— Record extracts —
== Segment start ==
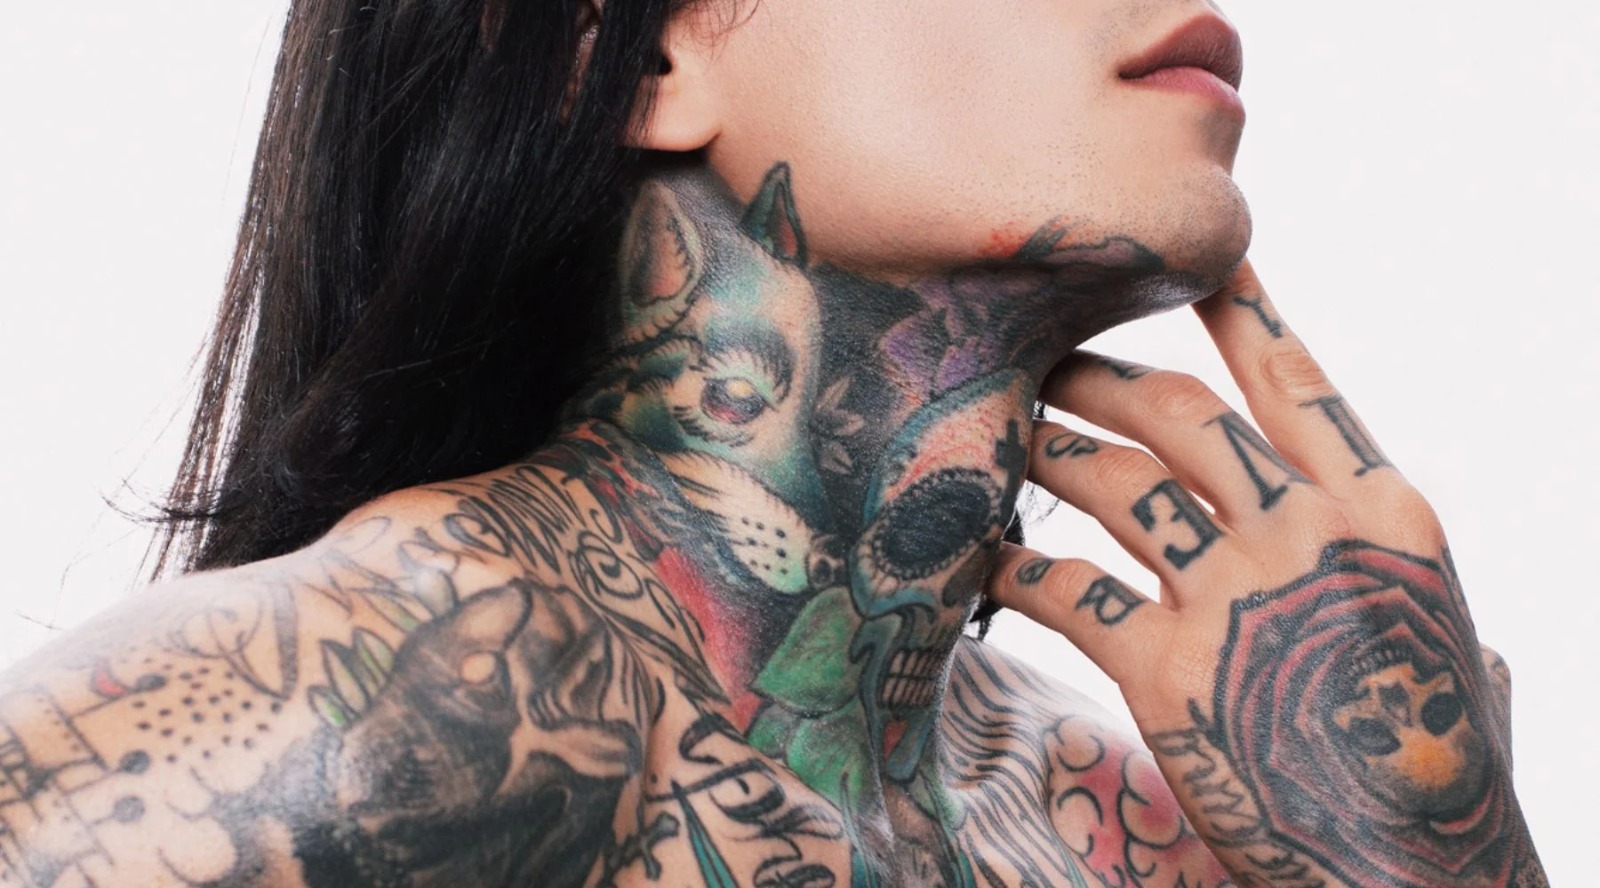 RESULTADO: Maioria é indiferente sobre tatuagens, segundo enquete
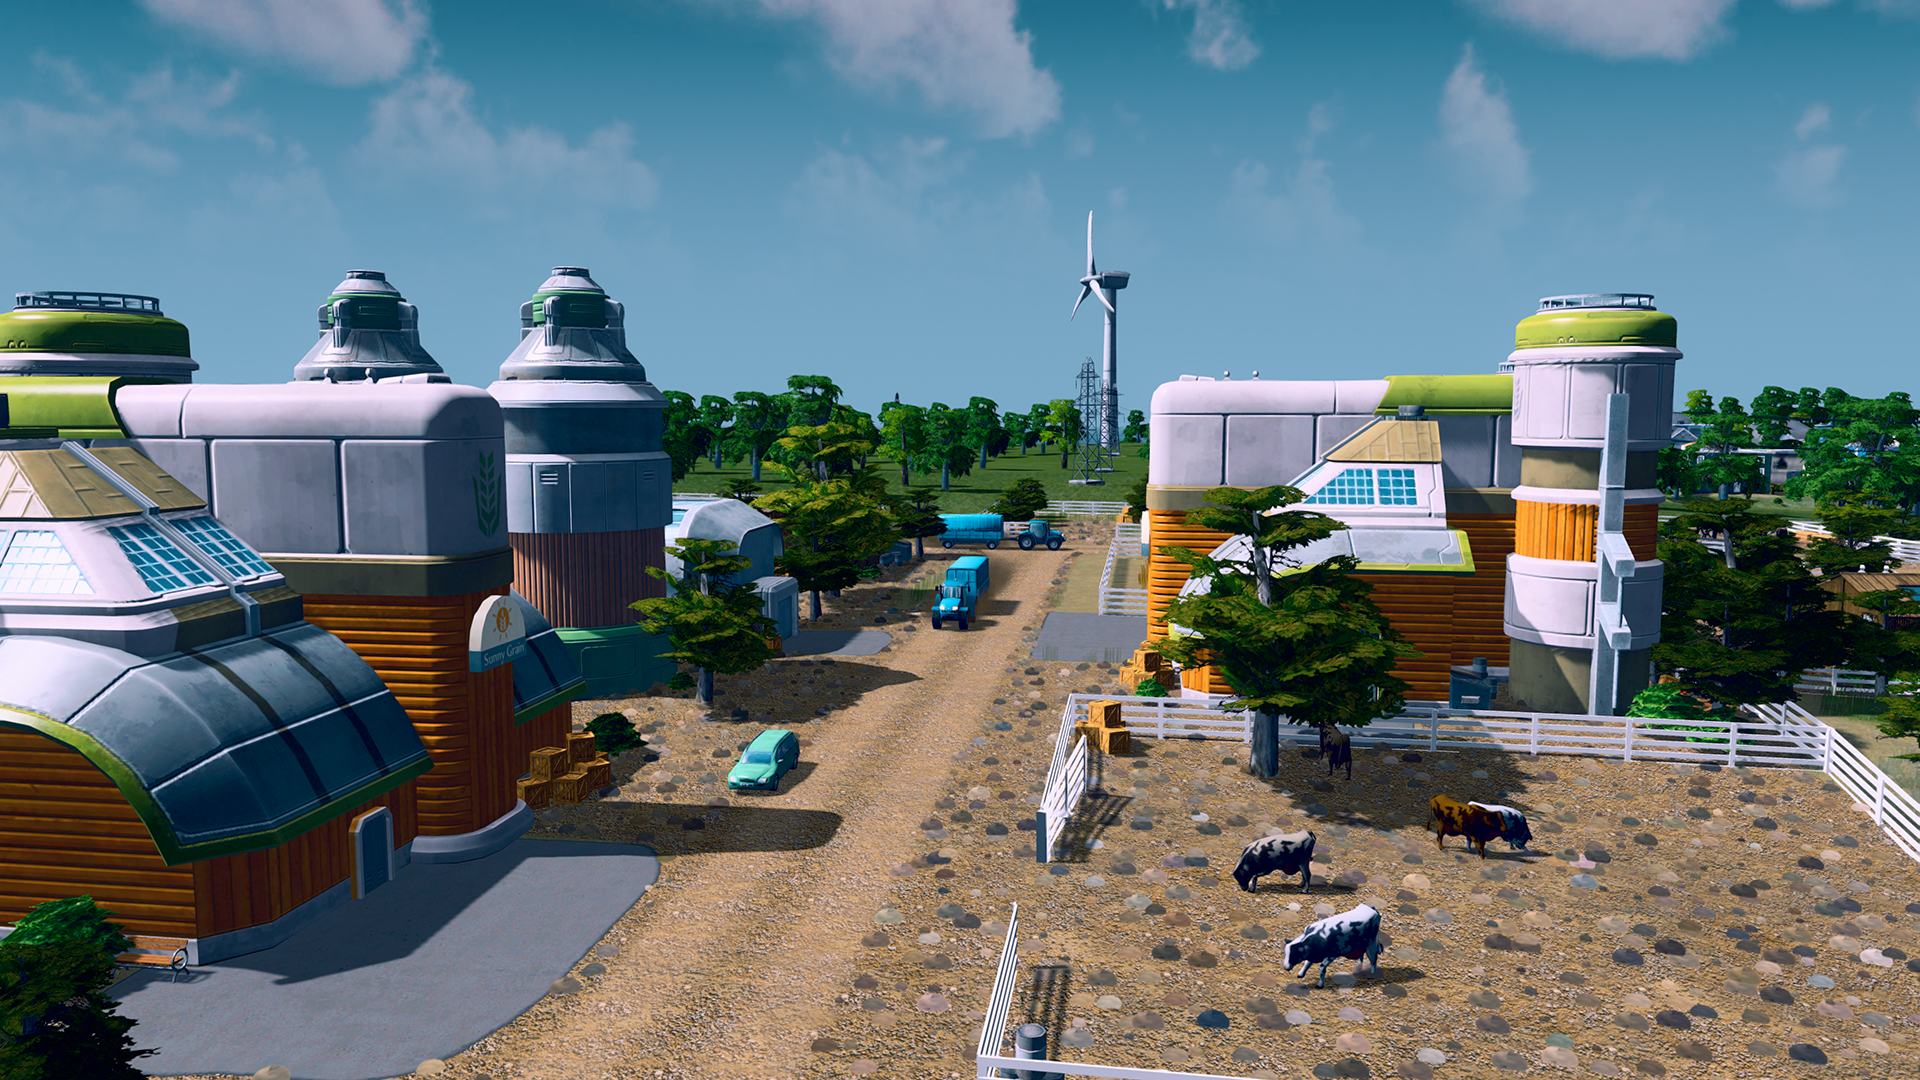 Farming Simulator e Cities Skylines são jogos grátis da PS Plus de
== Segment end ==
== Segment start ==
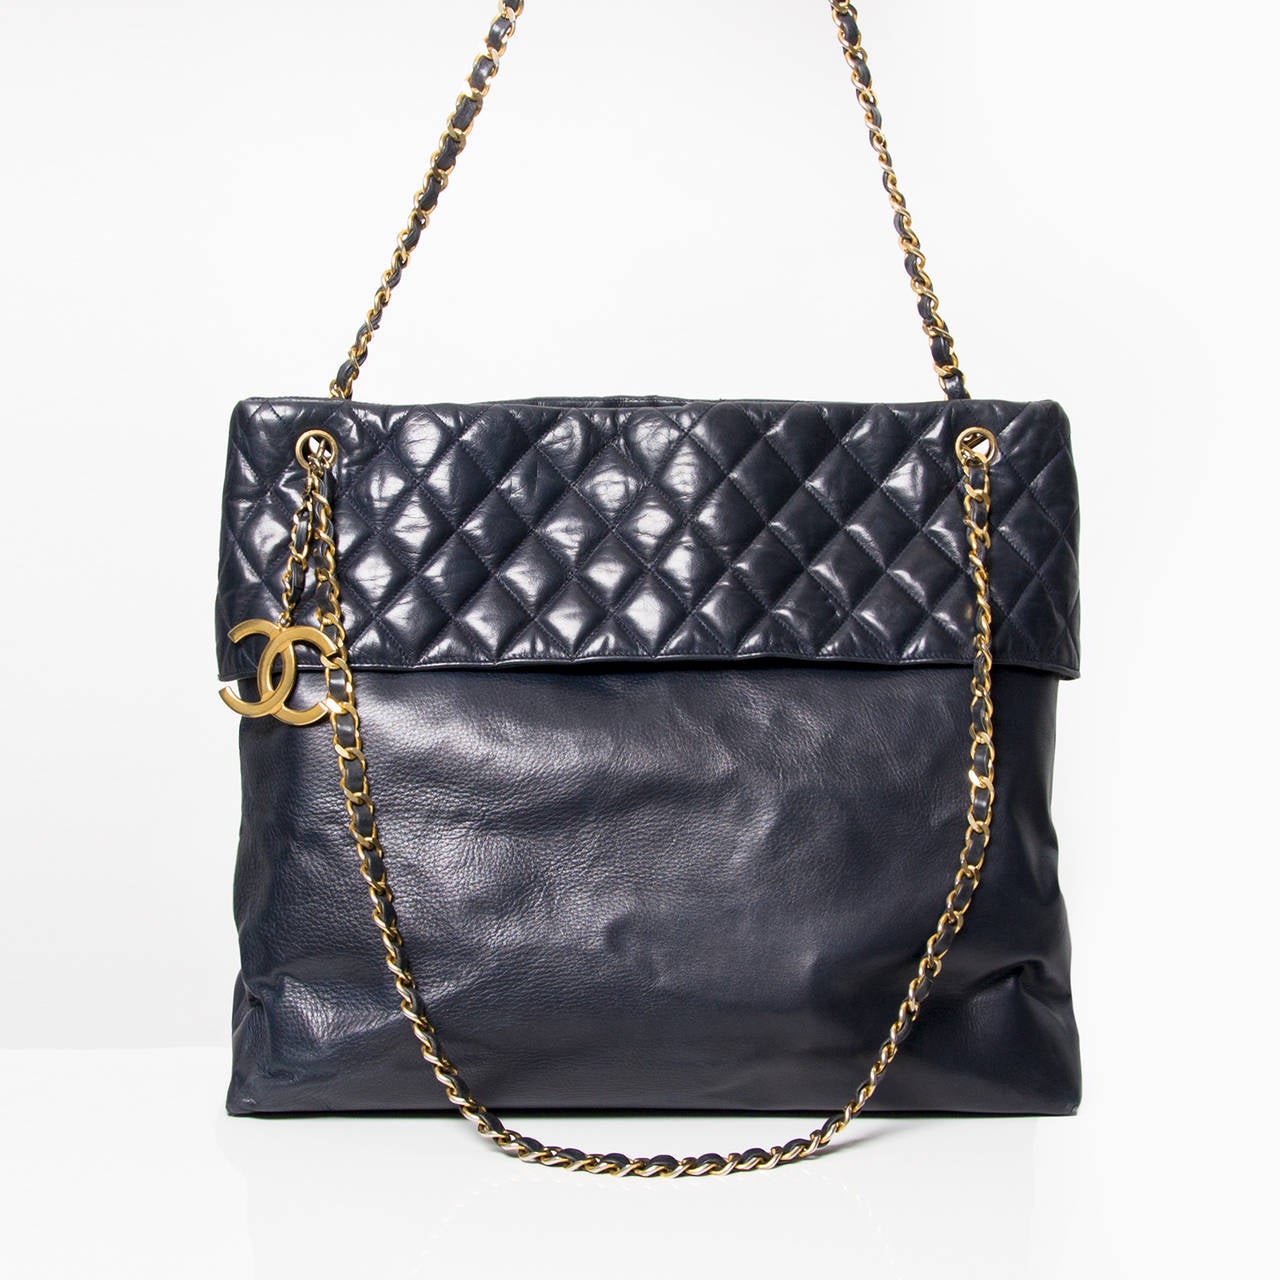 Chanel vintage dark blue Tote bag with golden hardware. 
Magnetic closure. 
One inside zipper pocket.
== Segment end ==
== Segment start ==
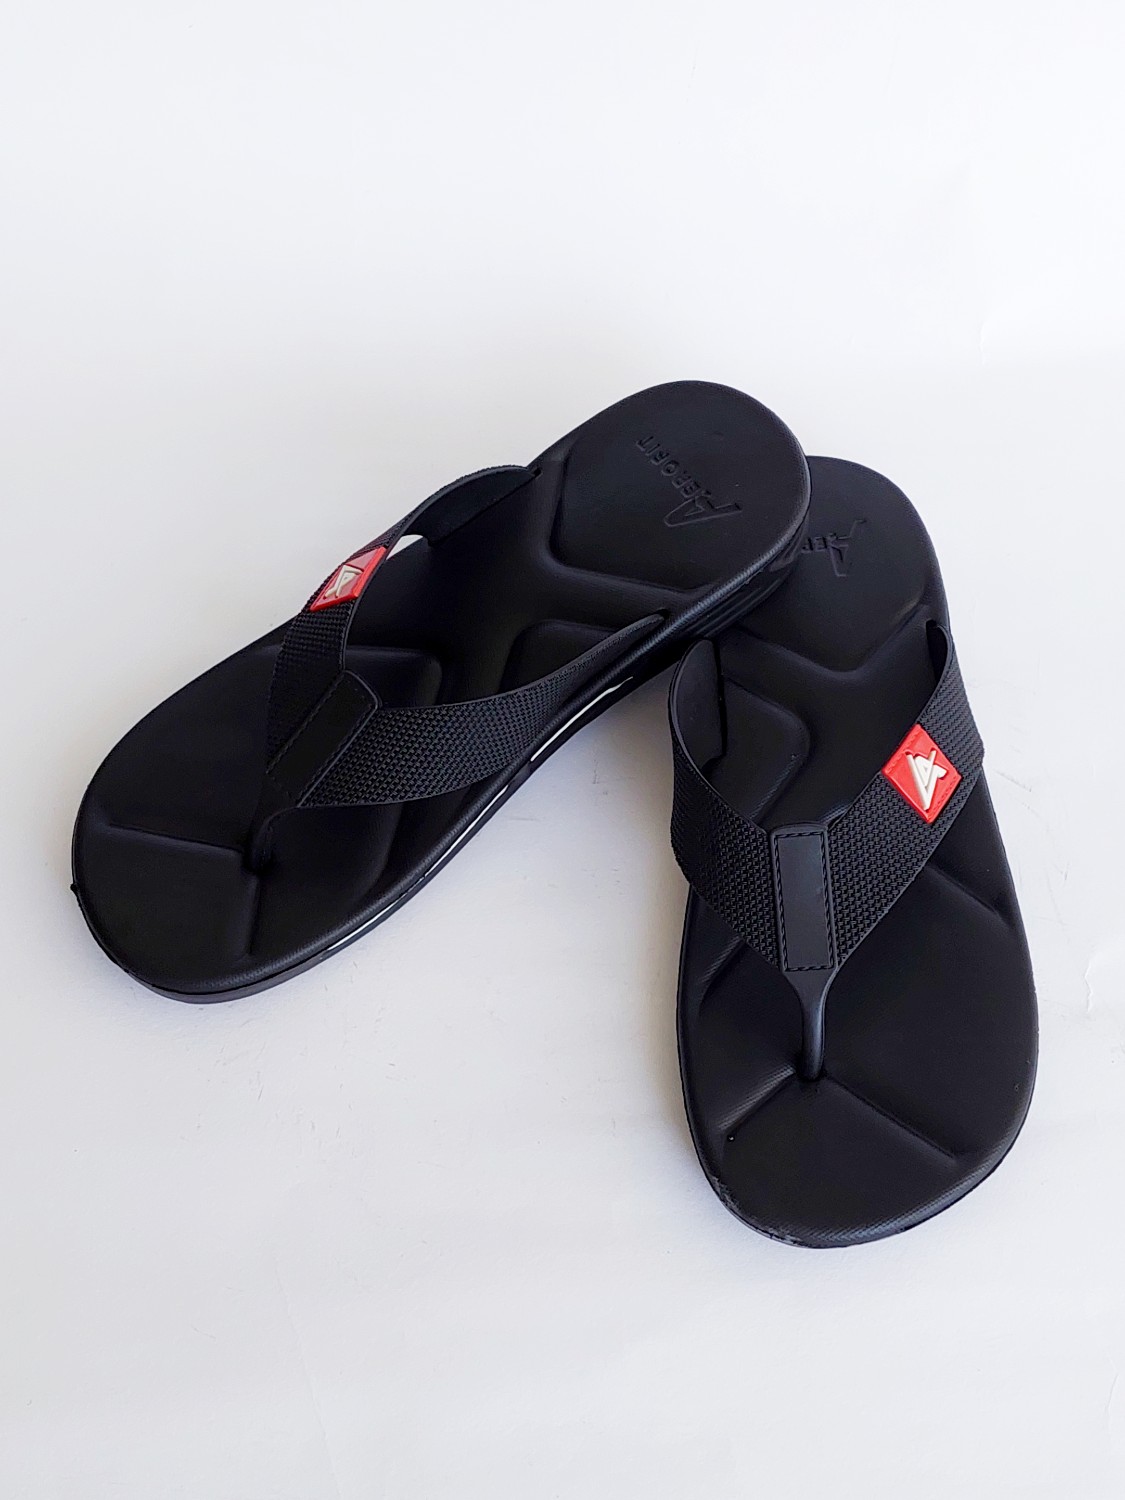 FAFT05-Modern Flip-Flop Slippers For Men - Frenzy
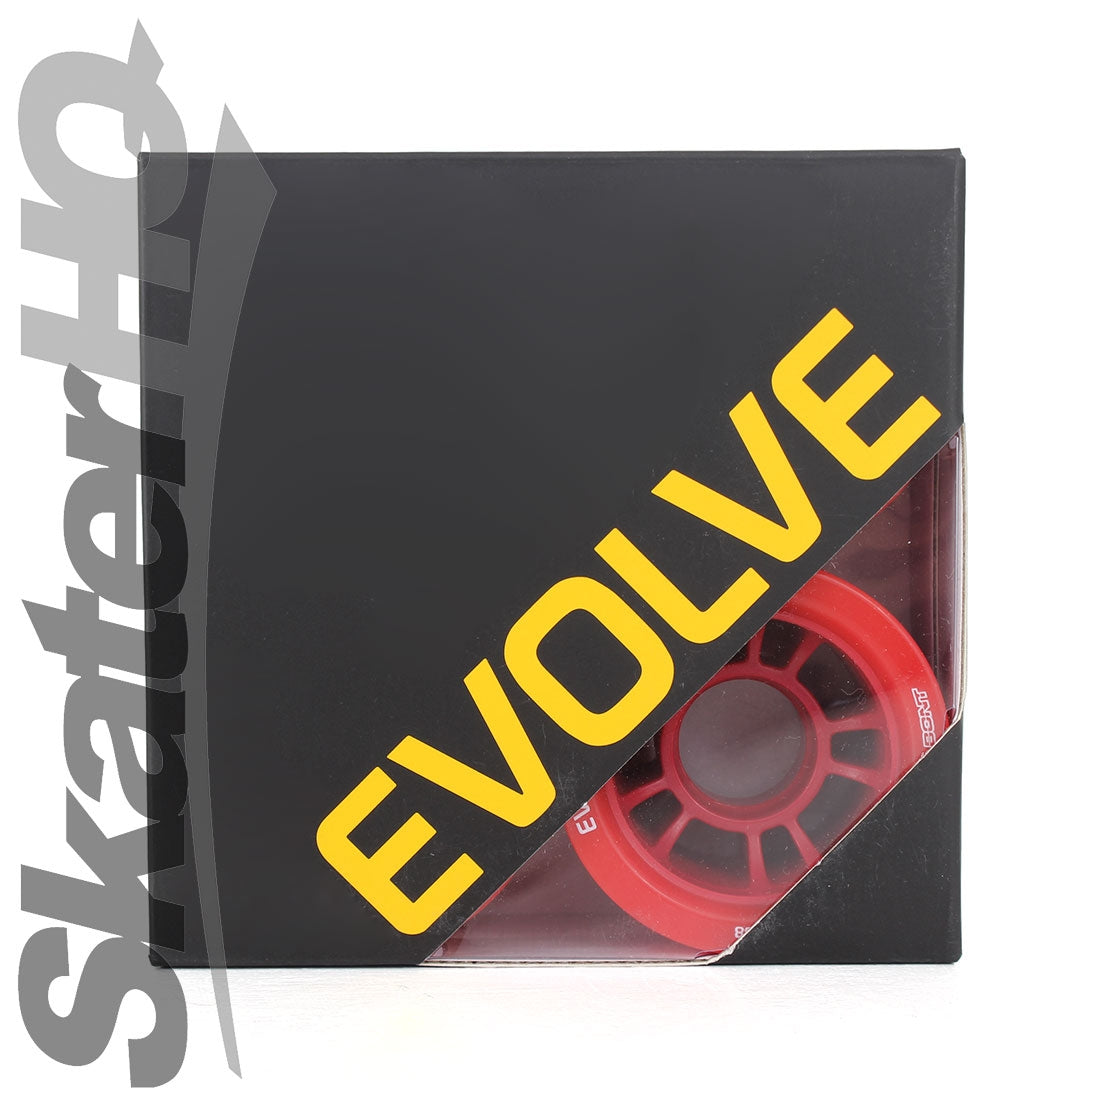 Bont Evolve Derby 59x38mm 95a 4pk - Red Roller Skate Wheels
== Segment end ==
— Aim of the task —
Reproduce the listing above only between the lines holding "RESULTADO: Maioria é" and "Farming Simulator e", inclusive. Every line must match exactly, and pictures are dropped.

— Result of this task —
 RESULTADO: Maioria é indiferente sobre tatuagens, segundo enquete
 Farming Simulator e Cities Skylines são jogos grátis da PS Plus de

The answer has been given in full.